Комиссар попытался подбодрить Борзика:
– Первый блин всегда комом, в следующий раз подобного не произойдет. Верно?
Борзик с благодарностью смотрит на Мотузко:
– Могу в этом поклясться!
– Зато вы действовали смело, без колебаний, не побоялись взять на себя ответственность. И расчеты орудий показали, что умеют действовать быстро и решительно.
Слышавший весь этот разговор Минаев не без скрытой усмешки уточняет:
– Но все же, думается, товарищ Борзик предпочел бы открыть огонь по противнику, а не по плавающему бревну. [62]
Что и говорить, случай досадный, а причина - слабая организация не где-нибудь, а на ходовом мостике. Это все понимают и потому еще долго испытывают чувство неловкости…
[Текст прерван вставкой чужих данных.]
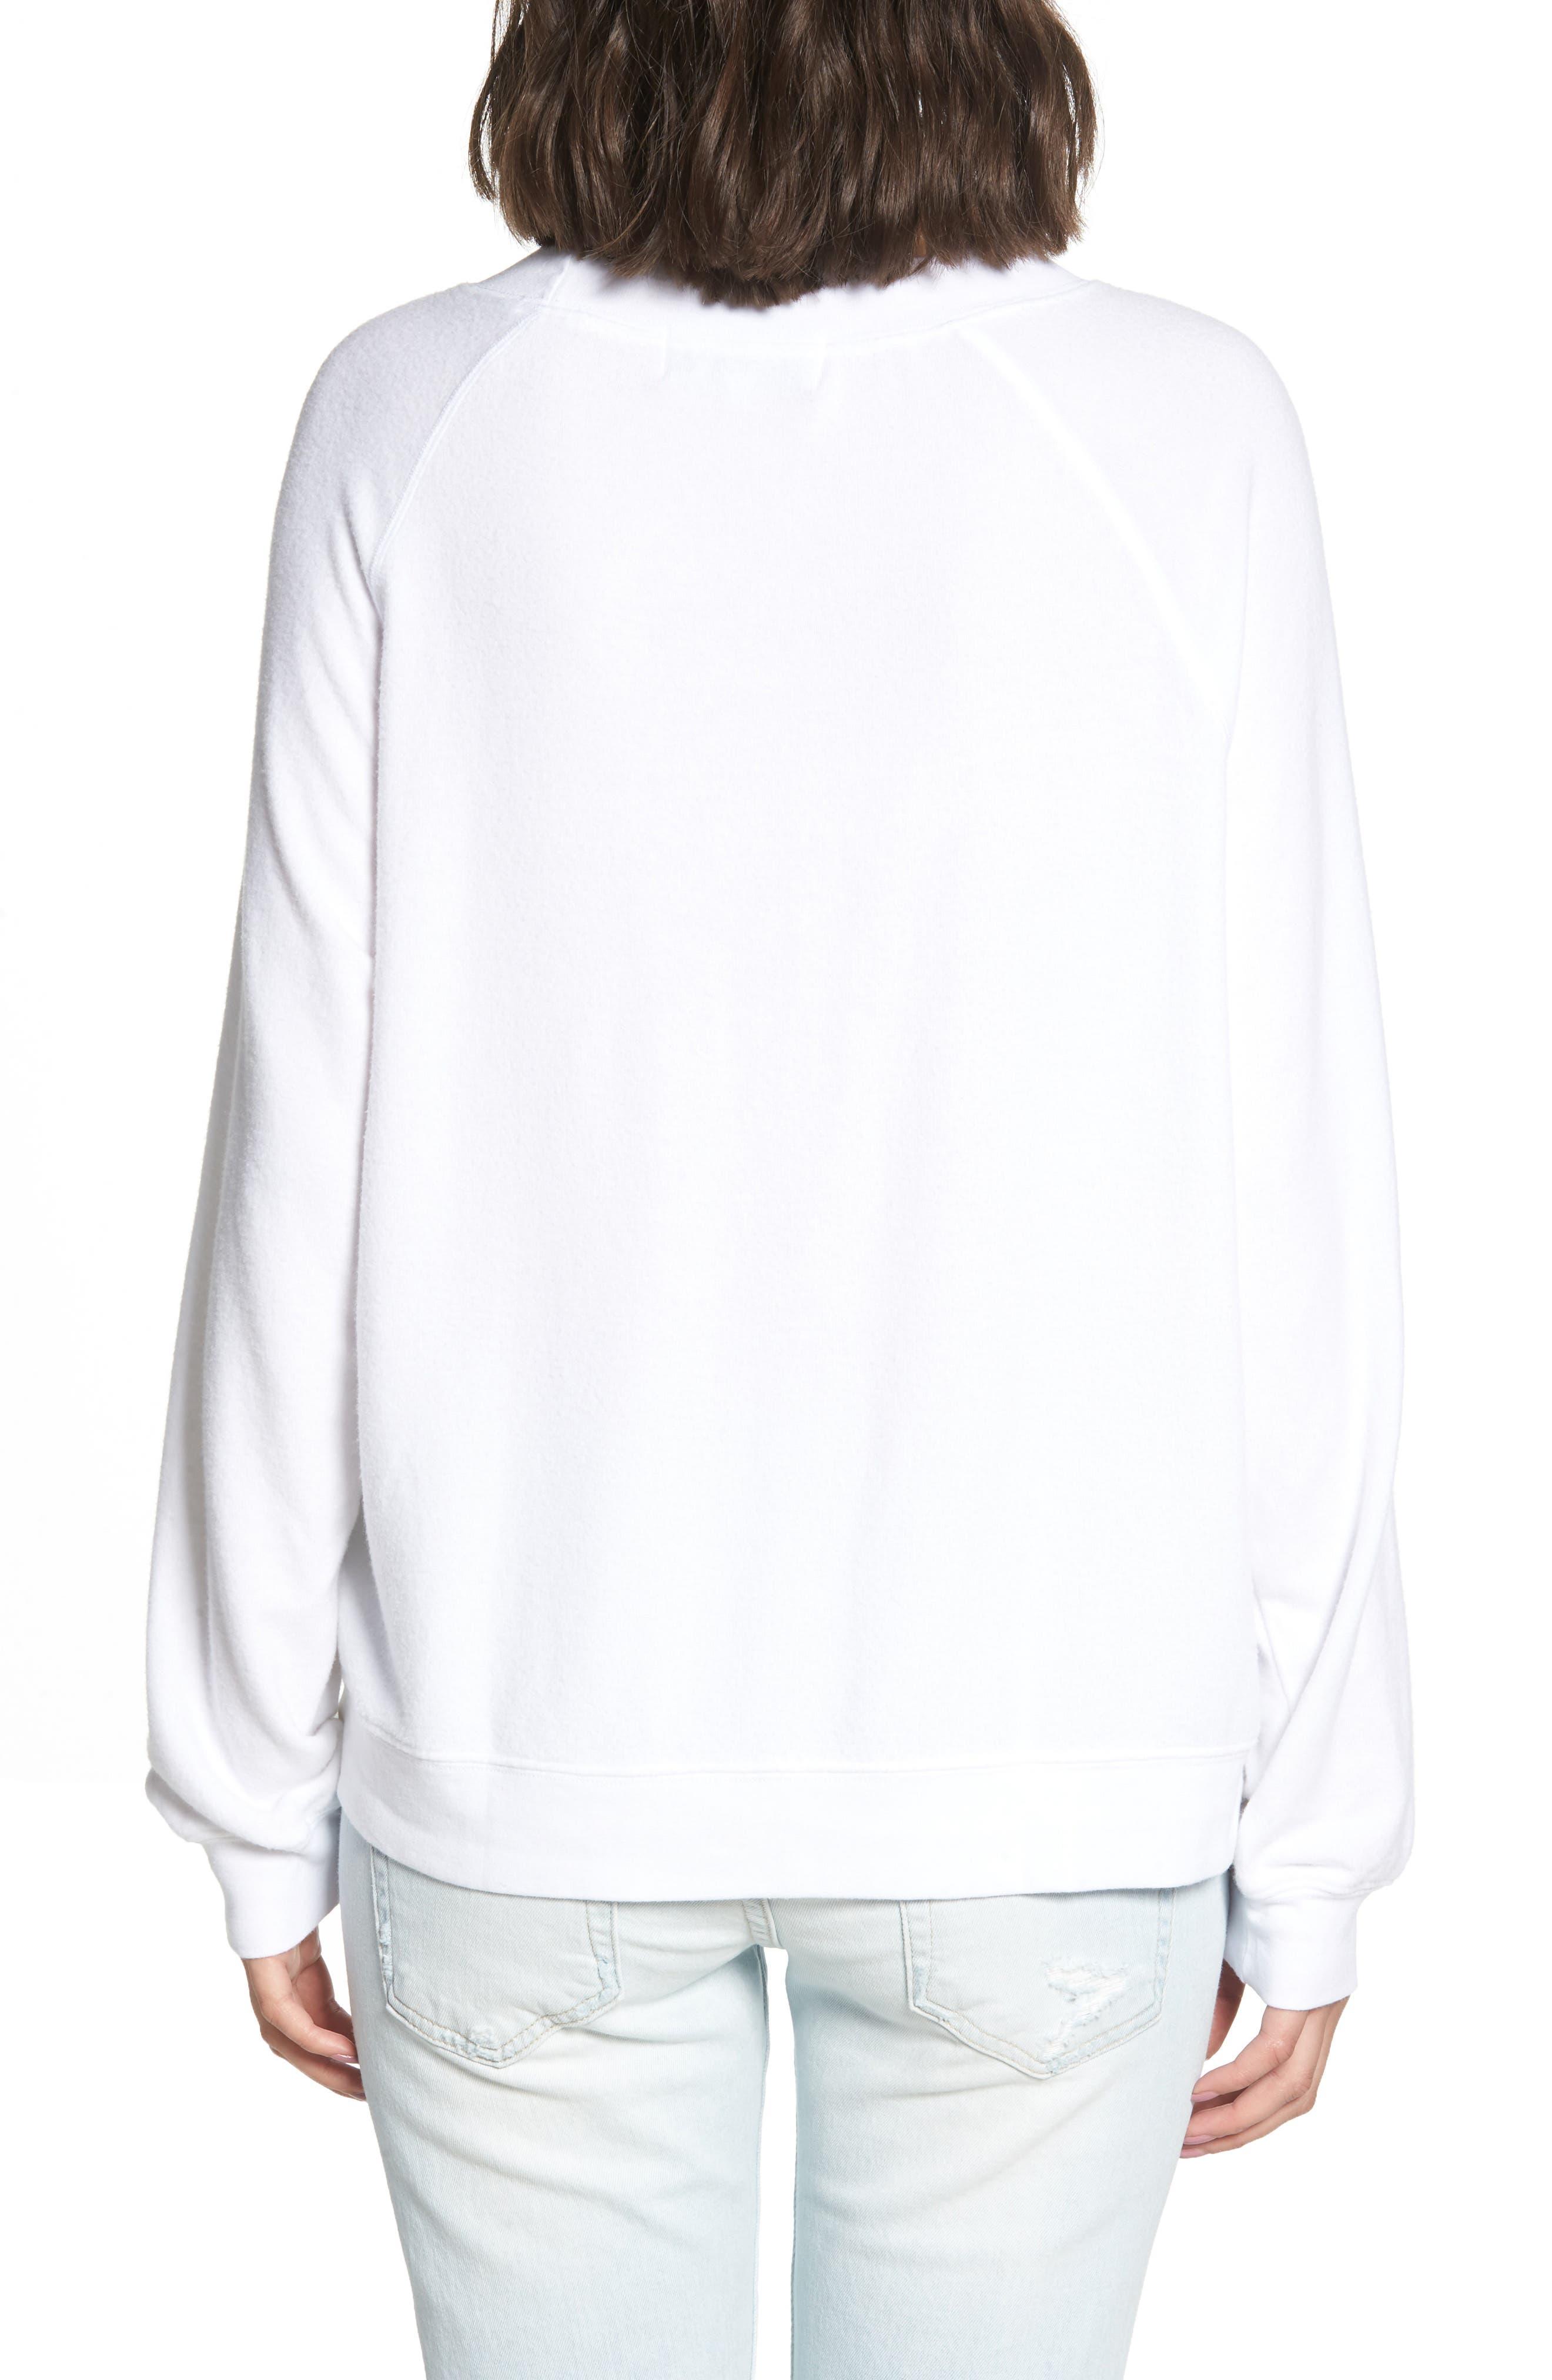 Sunshine Diet Sommers Sweatshirt,                             Alternate thumbnail 2, color,                             CLEAN WHITE

Конец дня и ночь прошли без каких-либо происшествий, главное наше внимание было уделено наблюдению за воздухом и водой, отработке докладов на главный командный пункт. Наши зенитчики продолжали оставаться в состоянии повышенной боевой готовности, а орудийные расчеты проводили учения и тренировки.
Перед заходом солнца дважды появлялись в небе самолеты-разведчики противника, однако к нам они не приближались и никаких последствий мы не ощутили.
Утром в заданном месте мы встретились с конвоем, состоявшим из плавдока грузоподъемностью 5 000 тонн, который буксировал ледокол «Макаров» и буксир «СП-13». Шли они в охранении канонерской лодки «Красная Абхазия» и трех сторожевых катеров. С воздуха их прикрывали истребители. Несмотря на мощные буксировщики, скорость хода едва достигала четырех узлов. «Незаможник» обменялся позывными с канлодкой и встал в голову конвоя.